An outpouring of aid that followed the Dec. 26, 2004, tsunami has helped replace homes, schools and entire coastal communities decimated by the disaster. But at Saturday's ceremonies, survivors spoke of the enduring wounds.
Thousands in Indonesia's Aceh province, which was hardest hit, held prayer services at mosques and beside the mass graves where tens of thousands were buried. The 167,000 people who died in Indonesia accounted for more than half the total death toll.
Among them were the relatives of Siti Amridar, a 48-year-old woman who wept Saturday at a mass grave in Banda Aceh, the provincial capital. She was a mother of five, until the tsunami claimed four of her children, her parents and washed away their village.
"I don't know where my children have been buried, or my parents. They have never been found," she said, sobbing. "I still can't believe the tsunami destroyed my life and my family in just a few minutes."
The disaster's epicenter was off the coast of Aceh, on the island of Sumatra, where a 9.2-magnitude earthquake struck underwater. The quake toppled homes and buildings and sent panicked communities rushing into the streets.
About 20 minutes later, a wall of water up to six stories high surged in from the sea. Traveling at jetliner speed, it carried with it toppled trees, crumpled cars and refrigerators. The wave sent people scrambling up the sides of buildings and in search of higher ground.
On Saturday's anniversary, Indonesian villagers briefly panicked when another strong earthquake struck deep under the sea off the eastern coast, officials said. Residents in Saumlaki, about 1,680 miles (2,700 kilometers) east of the capital Jakarta, said the magnitude-6.0 quake cut electricity, but there were no reports of damage or injuries.
Indonesia sits above a series of fault lines that make the vast island nation one of the most earthquake-prone places in the world. This year, another earthquake measuring magnitude 7.6 struck off West Sumatra on Sept. 30, killing hundreds of people and toppling hundreds of homes and buildings.
In Thailand on Saturday, hundreds of residents and foreigners returned to the white-sand beaches on the southern island of Phuket. More than 8,000 people were killed along the country's shores.
A moment of silence was observed on the Phuket's Patong Beach, a popular strip of hotels and restaurants, where the waves crashed over throngs of tourists the morning after Christmas.
Buddhist monks in bright orange robes chanted prayers. Onlookers wept and embraced.
Giorgio Capriccioli, an Italian who lives on Phuket, carried a bouquet into the ocean.
He waded knee-deep in water that five years ago was clogged with corpses and cast the white flowers adrift to honor the memory of two friends. His wife owns several beach-front shops but decided not to go to work the morning the tsunami struck.

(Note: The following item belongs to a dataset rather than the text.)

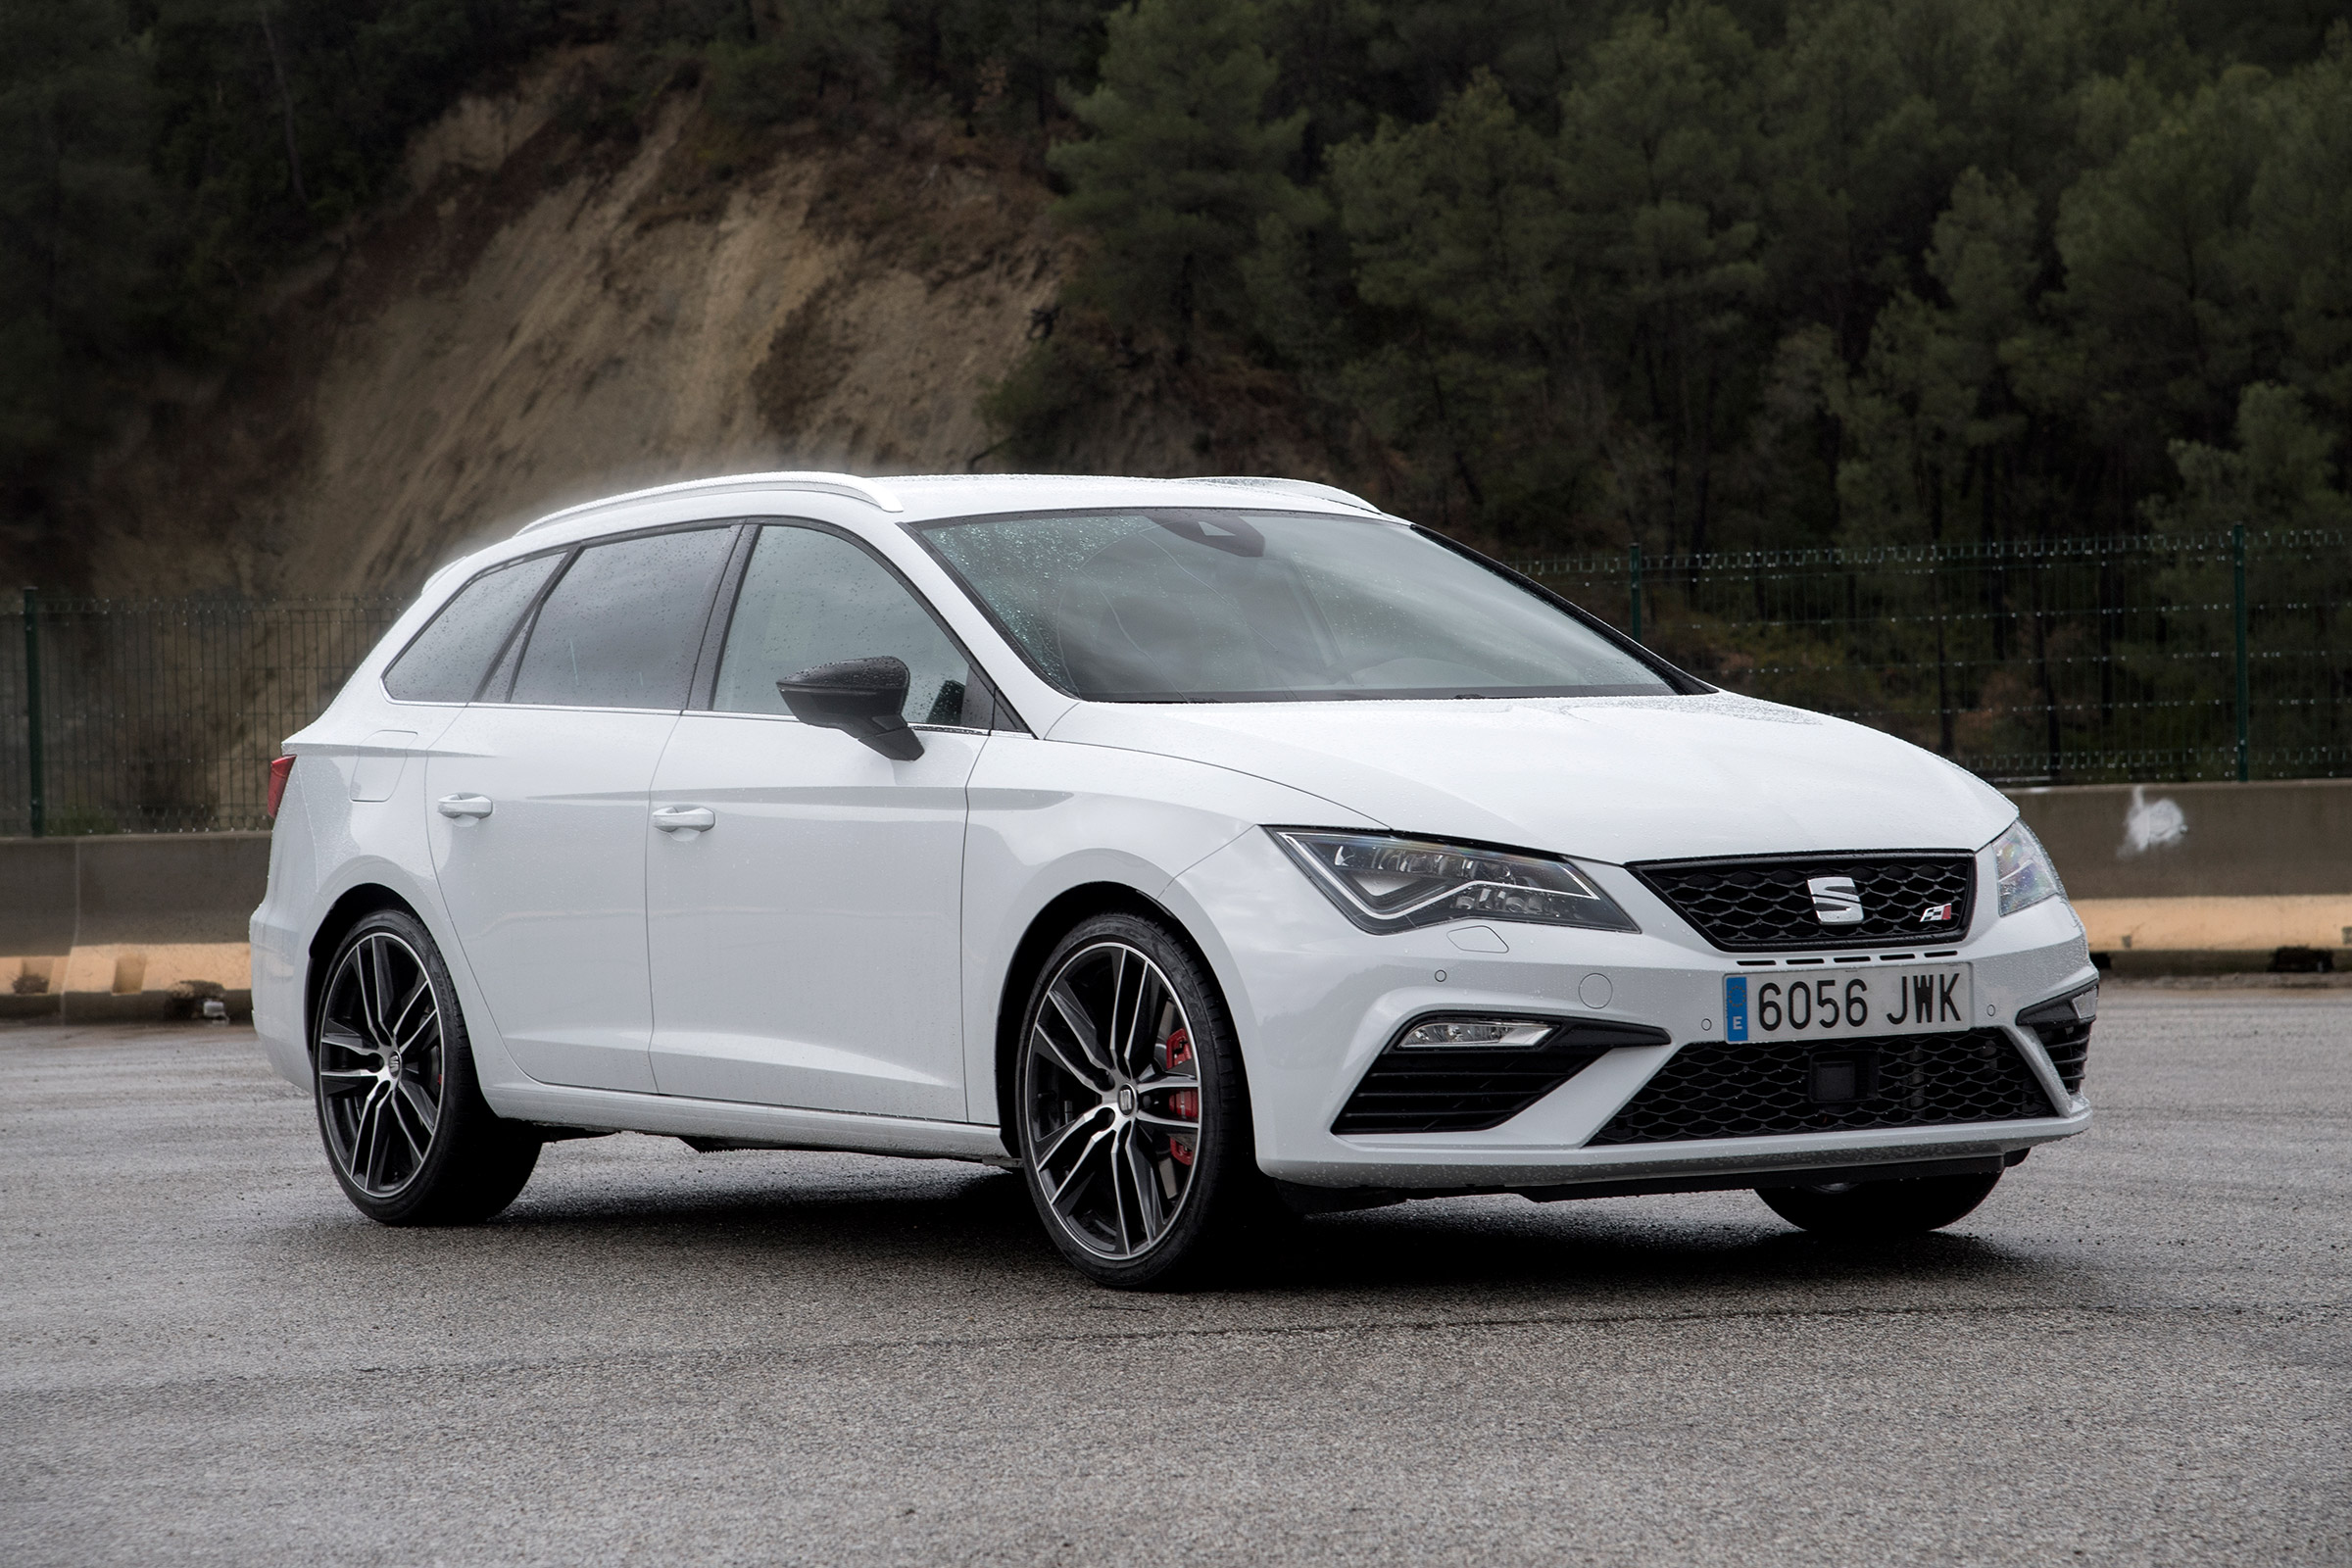 Seat Leon St Cupra 300 4drive Review Hot Estate Offers Big Boot And Four Wheel Drive Evo

"My wife would be dead if it weren't for the fact that she were pregnant and didn't go to work that day," he said at a ceremony that attracted suntanned tourists in skimpy swimsuits as well as Thai villagers.
The commemorations on Phuket culminated in the evening with the release of hundreds of light-filled lanterns into the sky.
Traffic across Sri Lanka came to a standstill Saturday as people around the country observed two minutes of silence for the 35,000 people who died there.
A ceremony was held at the southern coastal village of Peraliya, where the waves mangled a passing train and killed hundreds of passengers. At the site of the wreckage, which was one of the most enduring images of disaster, relatives of the dead lit candles and placed flowers where a monument now stands.
"The tsunami ruined our lives, killed our loved ones. That tragedy changed our lives forever," said S.A. Dayawathi, 62, who on the train and knocked unconscious when it crashed. She awoke to find herself buried beneath corpses and later learned two family members had perished.
More than $13 billion in aid money poured in from around the world, nearly half for Aceh.
Former U.S. President Bill Clinton, who served as a U.N. special envoy for tsunami recovery, said the money went to historically poor and ignored areas.
"We did more than just build back; we built back better. ... Though some tsunami-affected areas have not fully recovered, the recovery process continues, and governments, communities, and people around the region are better prepared for the future," he said in a statement released Saturday by the Clinton Foundation.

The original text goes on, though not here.